A vida em dois tempos, ou melhor, a vida sem tempo

Foto: Mãe com Prosa

A vida em dois tempos, ou melhor, a vida sem tempo

Por Michelle Póvoa Dufour

 

Fica tranquila, em solidariedade à você (a mim e a todas as mães do Universo) vou ser breve e vou, inclusive, negritar as palavras mais importantes porque assim você nem precisa ler o texto inteiro, apenas captar a ideia principal, já que tenho convicção, baseada em evidências, de que você não terá mais do que 2 minutos para se concentrar.

 

Final de ano então? Já era. Tem a festa da escola (já falei dela aqui), os médicos todos que você adiou e tem certeza plena de que por alguma razão desconhecida seus filhos não podem virar 2017 sem ir ao otorrinolaringologista.
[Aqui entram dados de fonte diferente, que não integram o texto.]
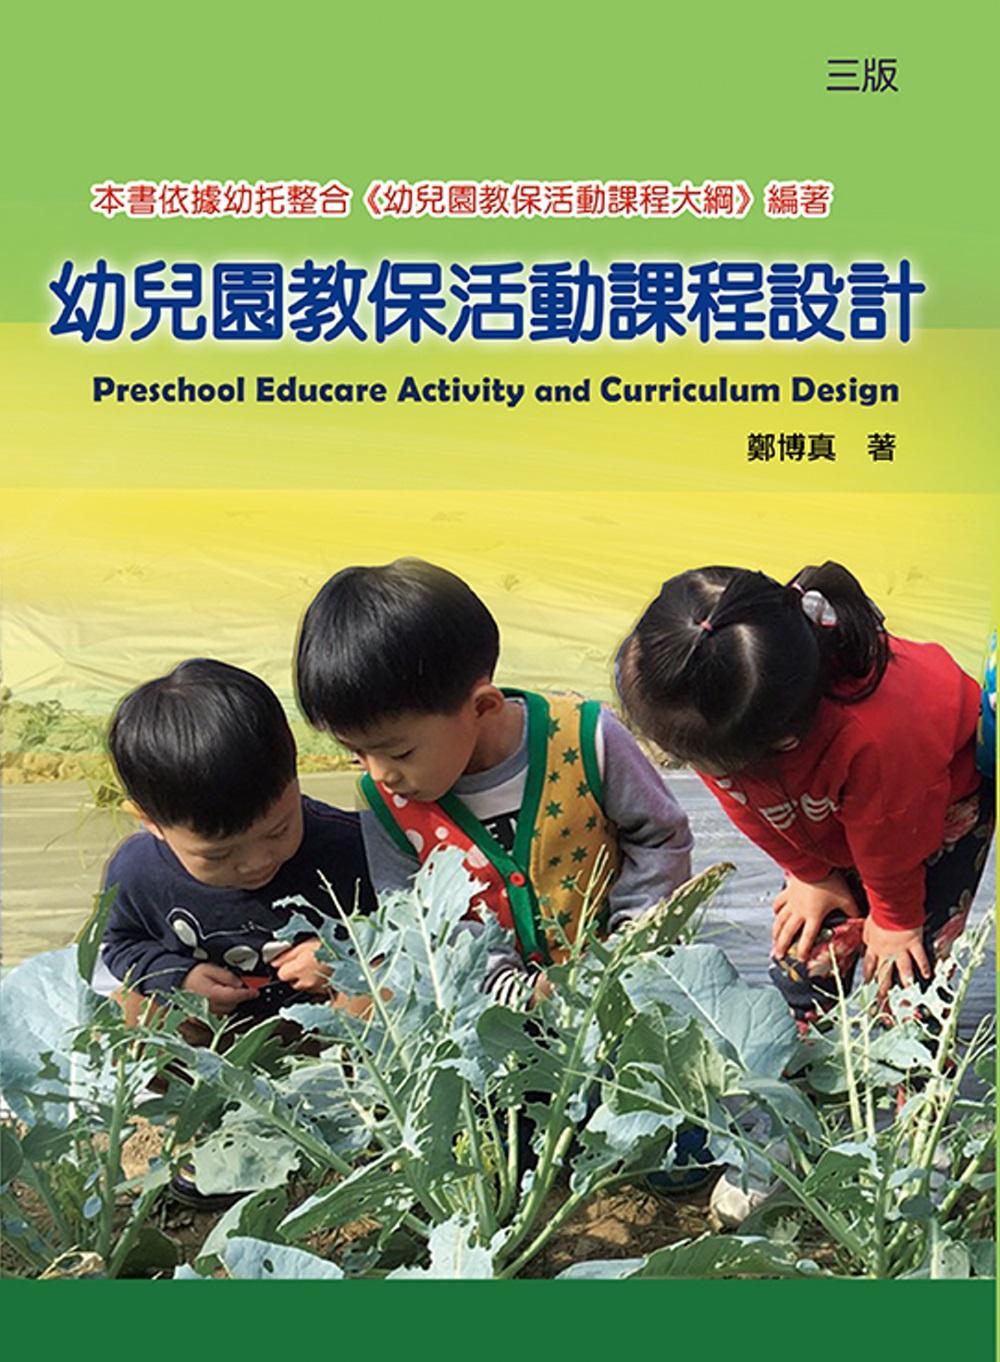 幼兒園教保活動課程設計(三版)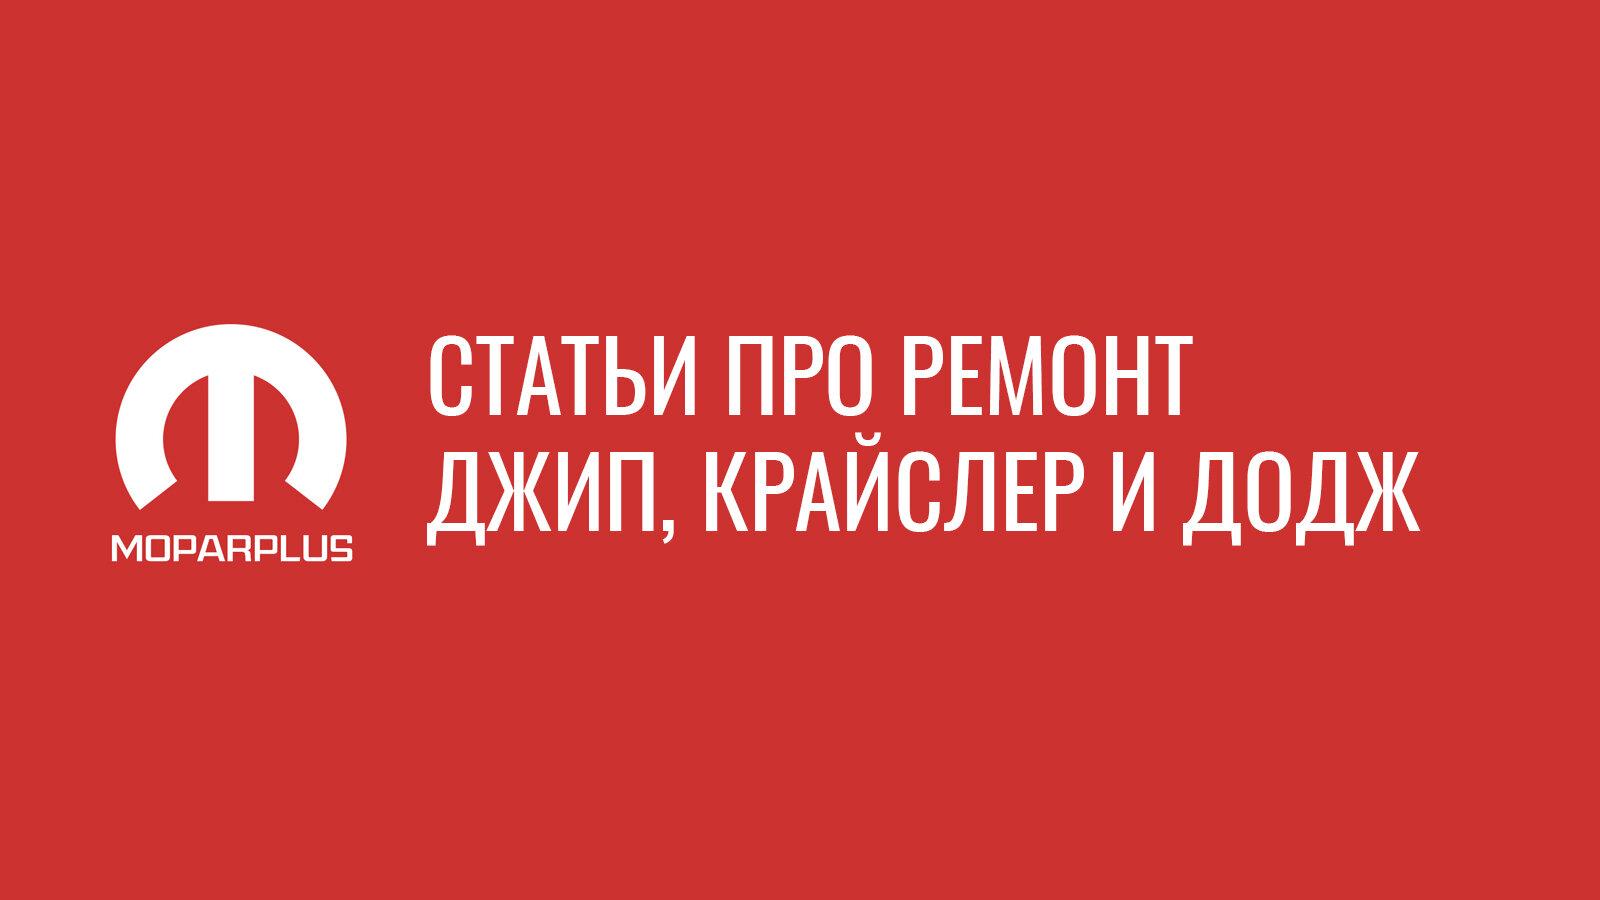 Cтатьи про ремонт. Выпуск №86.

Sem falar na aula experimental “maker”que você quer que eles façam em 2018, mas, precisa ter certeza ainda em dezembro de que será uma escolha legal. A das meninas, marquei na próxima quinta!

 

Faz uns 8 anos que meu tempo sumiu, aliás, uns 8 anos e alguns meses porque na gestação eu já comecei a sentir a contagem das horas de um jeito diferente. Dia curto pra tanta providência, gente! Mas hoje sei que era um preparo para o que viria.

 

Quer um exemplo prático? Enquanto eu tento comprar entradas para o cinema pela internet (aquelas operações insuportavelmente chatas, uma vez que nunca lembro da senha do ingresso.com) Elisa me pede para ajeitar a alça da bolsa dela, Manu me solicita para cortar a etiqueta do vestido novo, Elisa me pede para fazer um rabo (alto tá mamy?), Manu pergunta se pode guardar a blusa de frio na minha bolsa, Elisa pergunta se vi onde está o brilho que ela ganhou ontem e em seguida Manu vem com um colar na mão para eu fechar. Só comigo, gente?

 

Desde que me tornei mãe tenho dificuldade de concluir um pensamento, fazer uma reflexão mais reflexiva, finalizar qualquer tarefa sem duzentas mil interrupções. E escrever posts inteligentes? Es-que-ce! Só se for durante o trajeto do trabalho, nas paradas da Marginal ou dentro do banheiro (até da Firma) e primeiro no bloco de notas, pra ter a chance de checar antes de publicar se é algo que minimamente faz sentido.

 

Tudo interrompido, duplamente interrompido! E pra falar a verdade mantive parte dessa crônica pronta para quando pudesse finalizar, o que acontece só agora, uns três meses depois de ter começado a rascunhar o texto. E completo meu pensamento depois que acordei, chamei com um beijo duas meninas lindas que dormiam na minha cama, já que o pai está viajando, medi a temperatura de uma delas, que parecia meio quentinha, ajudei a trocar o uniforme, coloquei chá na xícara para uma e salada de frutas para outra, desembaracei o cabelo (tipo juba), prendi um rabo de cavalo (alto tá, mamy?), botei dois grampinhos em cada franja, passei manteiga na bolacha cream cracker, fechei a lancheira (com a graça divina deixei tudo pronto na noite anterior), tirei a jaqueta amassada de dentro da mochila (estava desde sexta-feira!), falei algumas vezes para escovarem os dentes, outras para calçarem o tênis, levei na escola, dei oi para as amiguinhas, cumprimentei o diretor (mesmo descabelada), voltei pra casa, estiquei a cama, tirei o lixo do banheiro, mandei e-mails para o trabalho, uma mensagem para a professora de música, peguei meu computador e retomei a minha crônica. E nem são 8 da matina. É, até que meu tempo rendeu!

 

Só esqueci de cumprir a promessa de negritar os trechos mais importantes. Mas quer saber? Se você é mãe como eu, provavelmente não tenha chegado até o final do meu texto! Te entendo, amiga.